New York, the most-populous city in the United States, has just four crematories. Death in a pandemic isn’t pretty. The refrigerated trailers outside of the hospitals don’t have enough shelving and bodies are sometimes stacked on top of each other and on the floor. Some trailers don’t have lights. Hospitals, which used to store bodies for 14 days now sometimes will only keep them for six. “You have 20 other funeral directors ahead of you that have to get bodies out,” says Nicole. “You see tons of body bags and tons of people and they’re labeled COVID-19, COVID-19, COVID-19. It’s like a horror show.” And little stands between the women and the risks their work carries. No one even knows if the bodies of victims are contagious. Two weeks ago, the women ran out of gloves. In that shortage, Jenny found an unexpected detente with the father of her daughter. “We hate each other,” she explains, but says she turned to him for help because he works in a hospital. He brought her gloves, a box of masks and an apron.

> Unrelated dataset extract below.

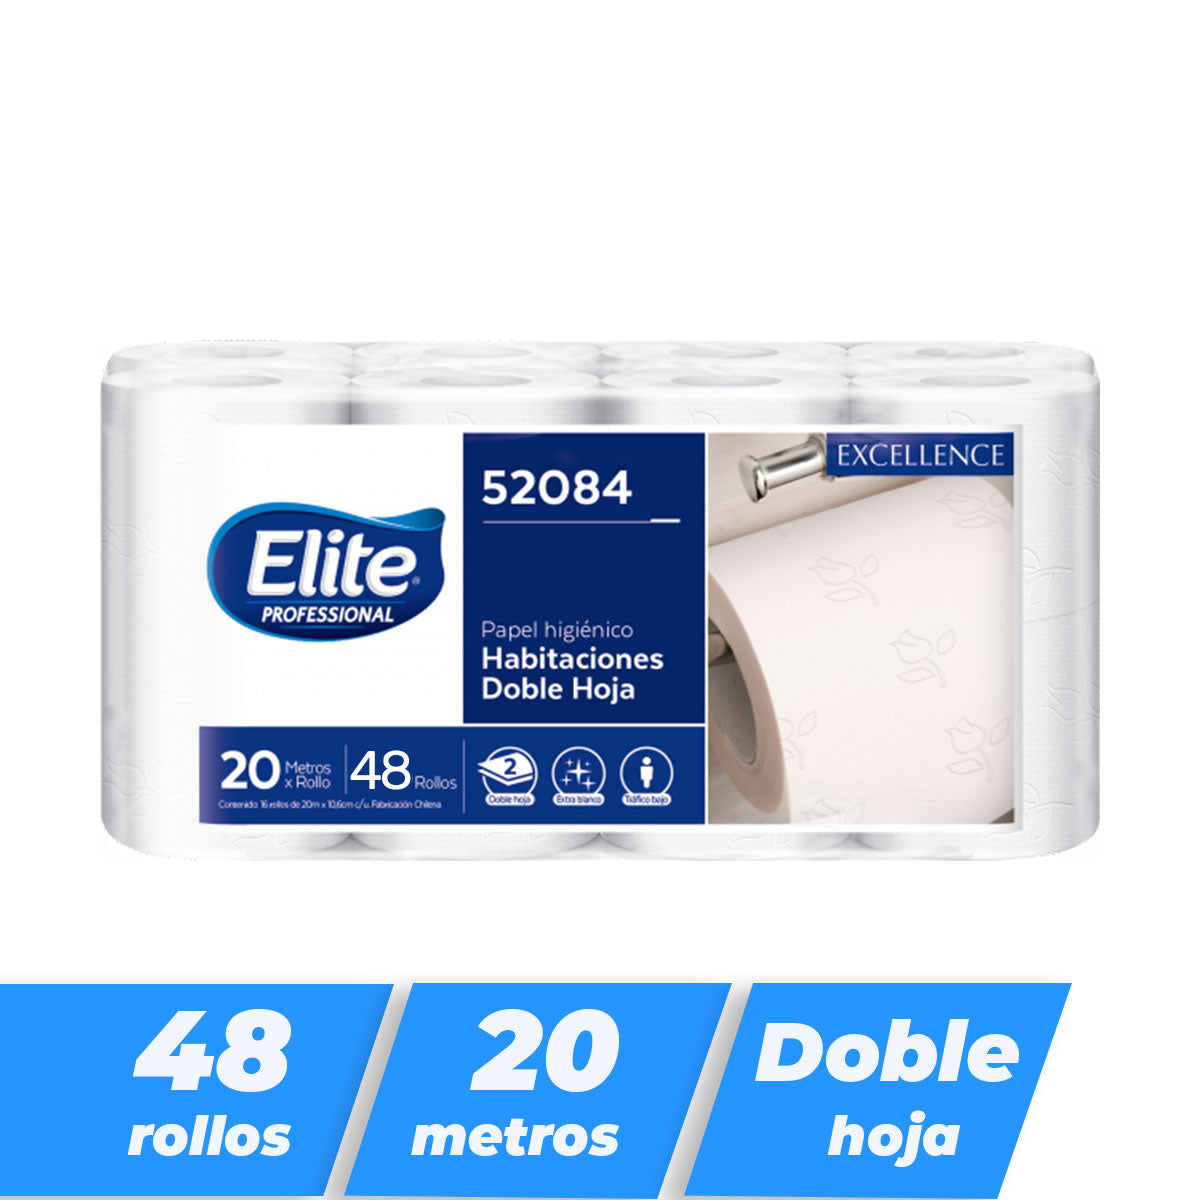 Papel higiénico Elite Excellence Habitaciones Doble hoja 20 metros (48 rollos)

“I don’t really like you much but you’re my daughter’s mother. Here you go,” he told her. The phones in the funeral parlor ring constantly, punctuated by ambulance sirens. Suppliers say they are running out of caskets and urns. Jenny says she no longer hands families the casket catalog; she just asks what color. LAST GOODBYES Most COVID-19 victims die alone, and when they die, their families are told to quarantine. The women try to find ways for them to say goodbye. Jenny gives families her mobile number. They text her late into the night. For those who are cremated, Lily offers to let the families pour the ashes into the urn and say a few words. The funeral home in Harlem is one of the few allowing viewings for COVID-19 victims. Because of the pandemic, only 10 people can gather at a time; most families are bigger so the women offer four-hour viewings, 10 people per hour. Families have to bring their own gloves and masks. Jenny says the women have to watch each other right now. The message, she says, is “limit your compassion please, because we gotta move onto the next one. There’s no time to stop.”
Jenny’s grandfather died of the coronavirus on April 6. A week later, on Good Friday, her aunt died. “Suspected COVID-19,” her death certificate read. They were family so Jenny took care of both of them herself. “I’m not the emotional type to tell you the truth,” she says. “I don’t want to sound heartless but it’s a job. It’s what I do.”